J’ai suivi un cursus scolaire standard (Bac S, une année de médecine un peu hasardeuse, rien à voir avec le numérique). J’ai ensuite fait un DUT informatique puis intégré une école privée à Montpellier, « Objectif 3D », qui proposait une formation « Infographiste 3D ».
Le métier d’infographiste 3D est une grande famille composée d’une multitude de sous-catégories (layout, animation, rig…). Lors de la dernière année de formation, on a dû choisir une spécialité. J’ai choisi « Effets spéciaux ».
A quoi correspond cette spécialité ?
Généralement, les effets spéciaux arrivent après ce qu’on appelle « animation ». Les personnages ont été animés, et mon département (FX pour « effets spéciaux ») a pour objectif de rajouter des éléments numériques. Les grandes familles de ces éléments sont les explosions et autres effets pyrotechniques (fumée, étincelles…), les fluides (eau, viscosité, lave…) et les effets magiques (auras, pouvoirs…). On a tendance à englober toutes les interventions numériques sous ce terme, mais dans le domaine de l’infographie, les effets spéciaux ne concernent que ces éléments très spécifiques.
Peux-tu citer différents projets sur lesquels tu as travaillé ?

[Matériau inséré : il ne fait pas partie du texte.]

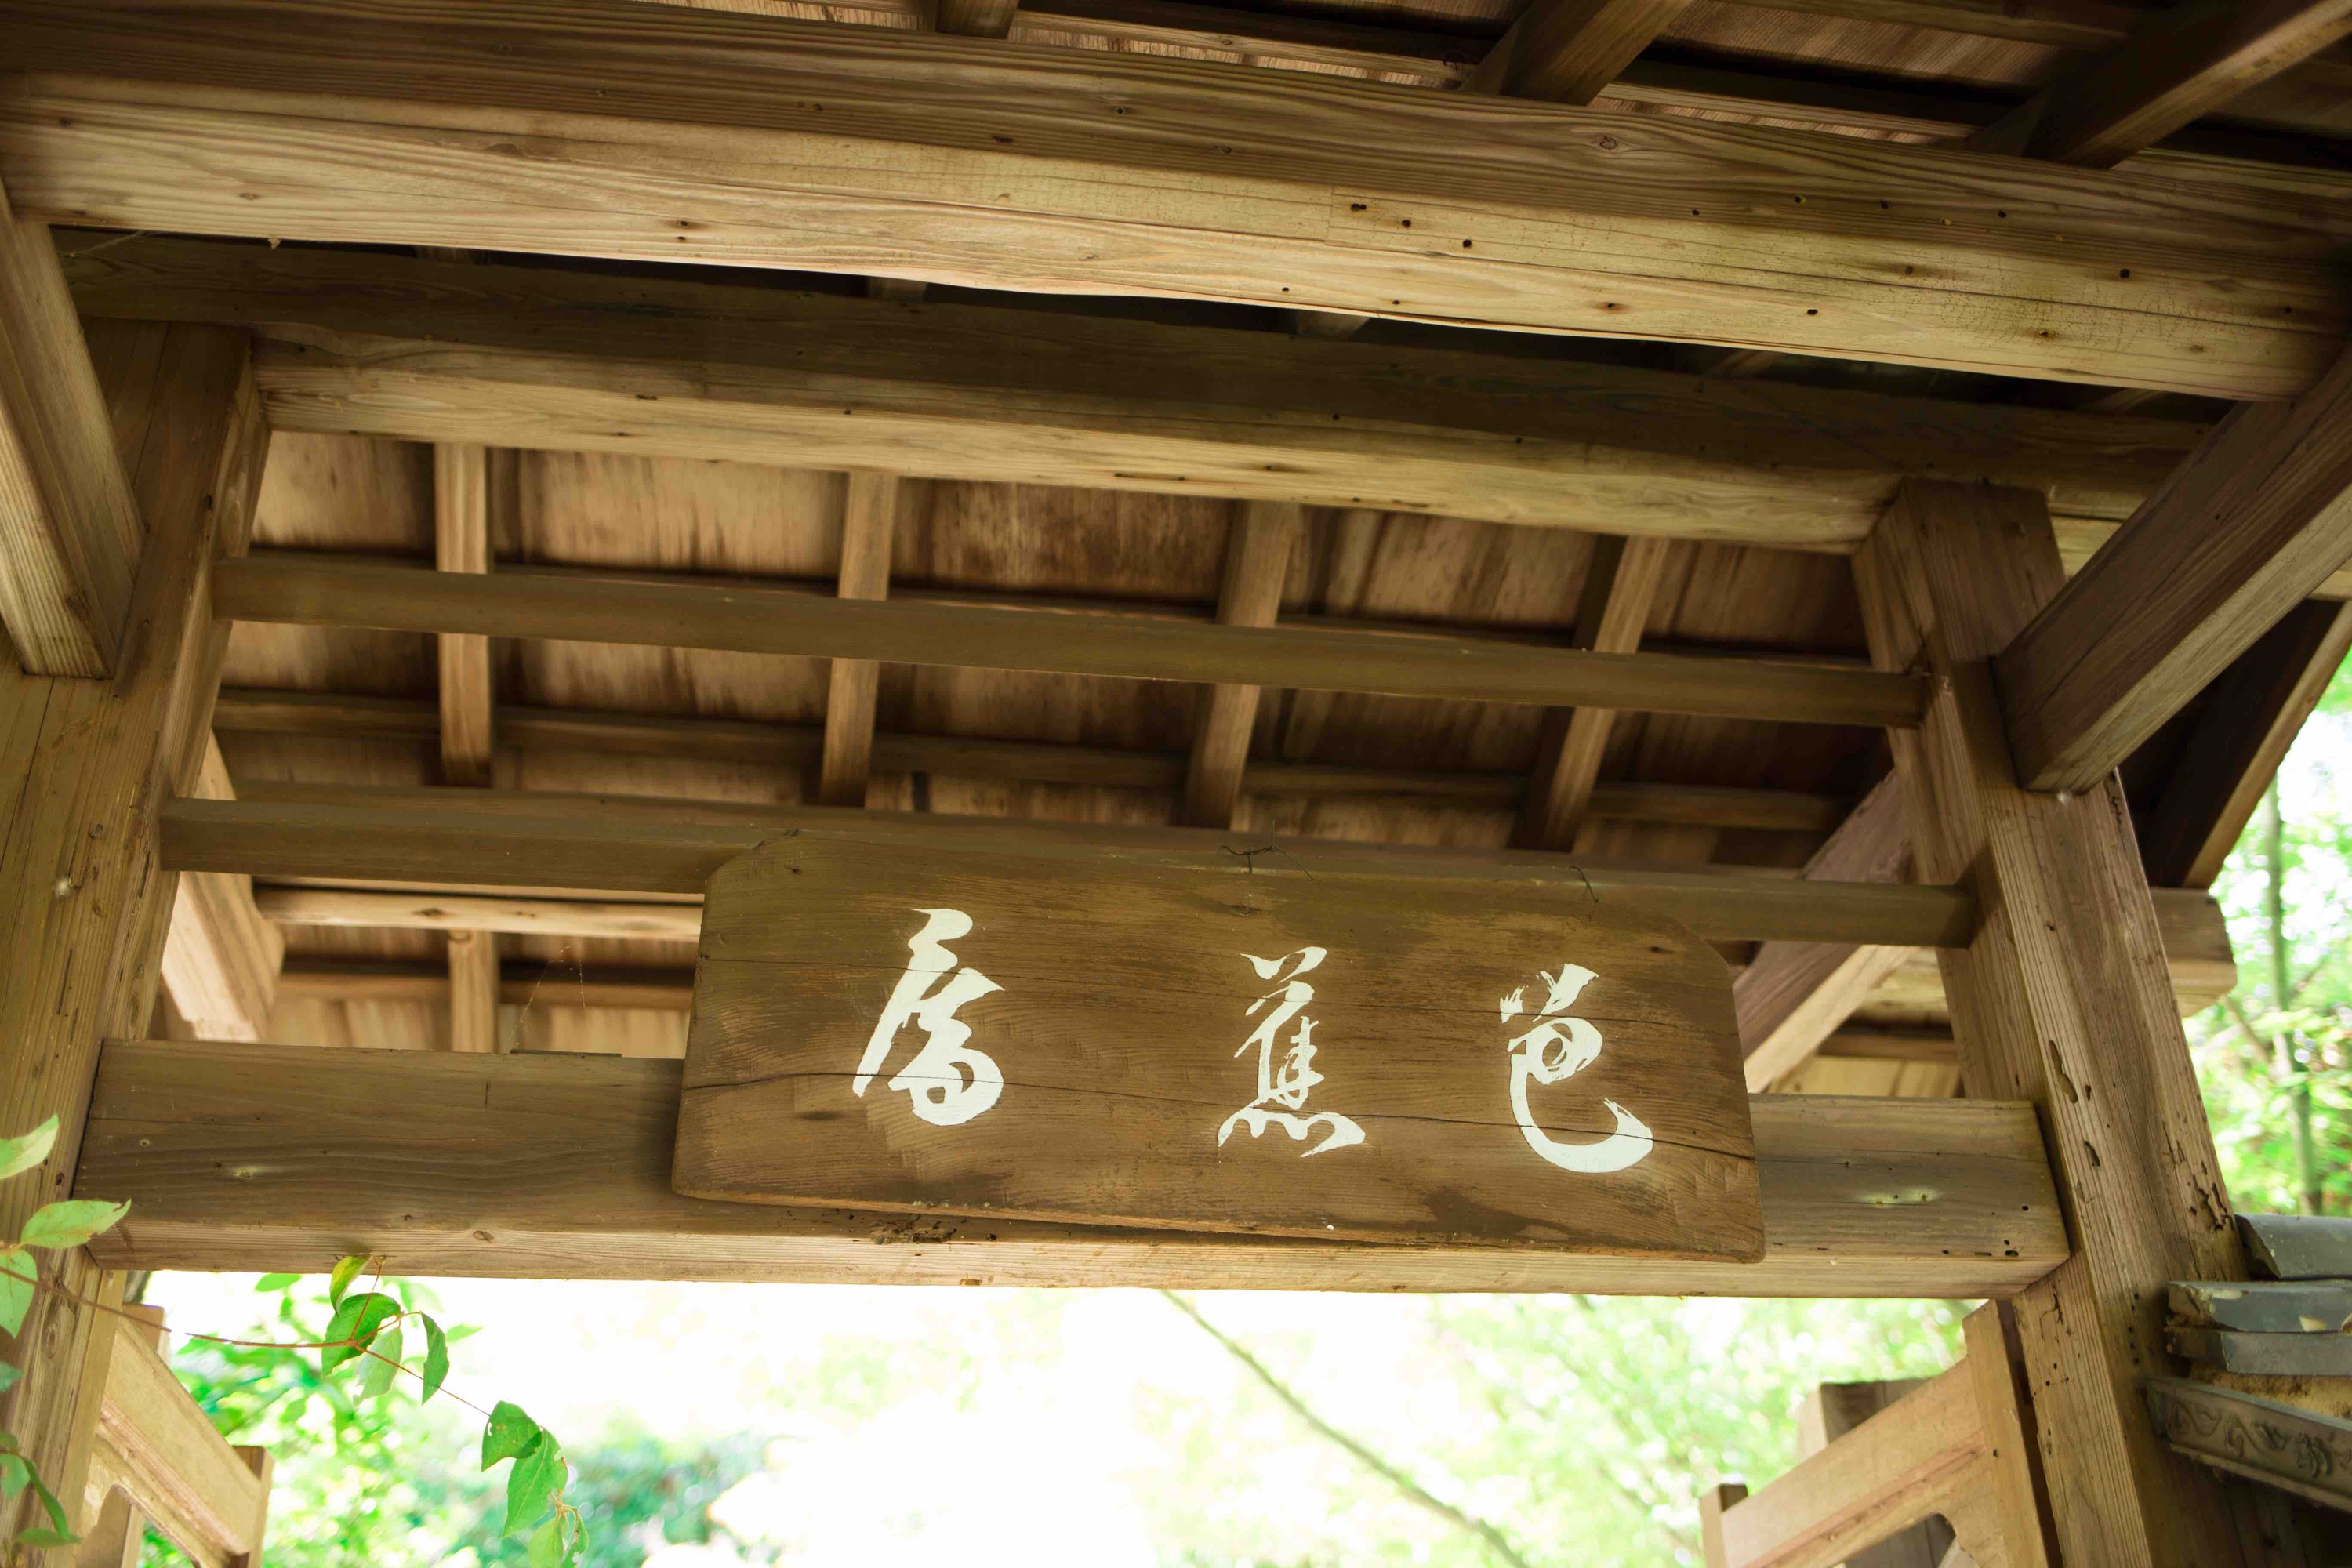 新緑に包まれる金福寺の「芭蕉庵」と書かれた門

Bien sûr. Mon premier, qui me tient à cœur, était Astérix – Le domaine des dieux (au sein de Mikros Image Animation Paris). Un film d’animation en full CG (entièrement créé par un ordinateur). C’est celui qui m’a fait entrer dans le métier. J’étais ce qu’on appelle un junior, tout le monde commence par là. Le junior est là pour faire des effets mineurs ou exécuter les scripts créés par des seniors.
Pour ma première expérience internationale, j’ai travaillé à Montréal sur Les 4 Fantastiques (2015, au sein de la Motion Picture Company). Une grosse daube, soit dit en passant. C’est ce qu’on appelle du « live », le film mêle prise de vue réelle et CG. J’étais toujours junior mais j’avais un peu d’expérience, et ils ont décidé de me tester en me laissant créer des plans à partir de rien, sans utiliser un modèle préexistant.
Après deux-trois ans d’expérience, j’ai travaillé pour le studio d’animation TeamTO. J’y ai commencé en tant que « Mid », le grade intermédiaire, entre junior et senior. A cause de l’ampleur du projet, j’ai rapidement migré vers « Lead* », et suite au départ du superviseur des FX, la direction de TeamTO m’a donné l’opportunité d’occuper ce poste, ce que j’ai fait pendant presque 2 ans. J’ai donc travaillé en tant que superviseur** sur la série Skylanders à Paris.
*En tant que Lead, il faut apporter une aide technique à la production des effets visuels. Mon rôle consistait à orienter les graphistes de mon équipe vers la meilleure solution technique afin de réaliser l’effet demandé.
**Le superviseur budgétise et valide la faisabilité des effets en fonction du temps et de l’argent. On peut rapprocher ce rôle de celui de producteur exécutif au cinéma. Il faut aussi gérer la partie humaine (de combien de personnes aura-t-on besoin ? de quel genre de profil ? etc…). Il faut gérer à la fois le projet et ceux qui y participent. Il m’est arrivé de demander l’achat de certaines licences de logiciels pour pouvoir créer l’effet demandé par les réalisateurs.
Justement, est-ce que tu entrais en contact avec les réalisateurs et les équipes des films ?
Sur Astérix, j’étais dans une petite équipe et je faisais valider directement mes effets par le réalisateur, Louis Clichy, à raison d’une à deux fois par semaine.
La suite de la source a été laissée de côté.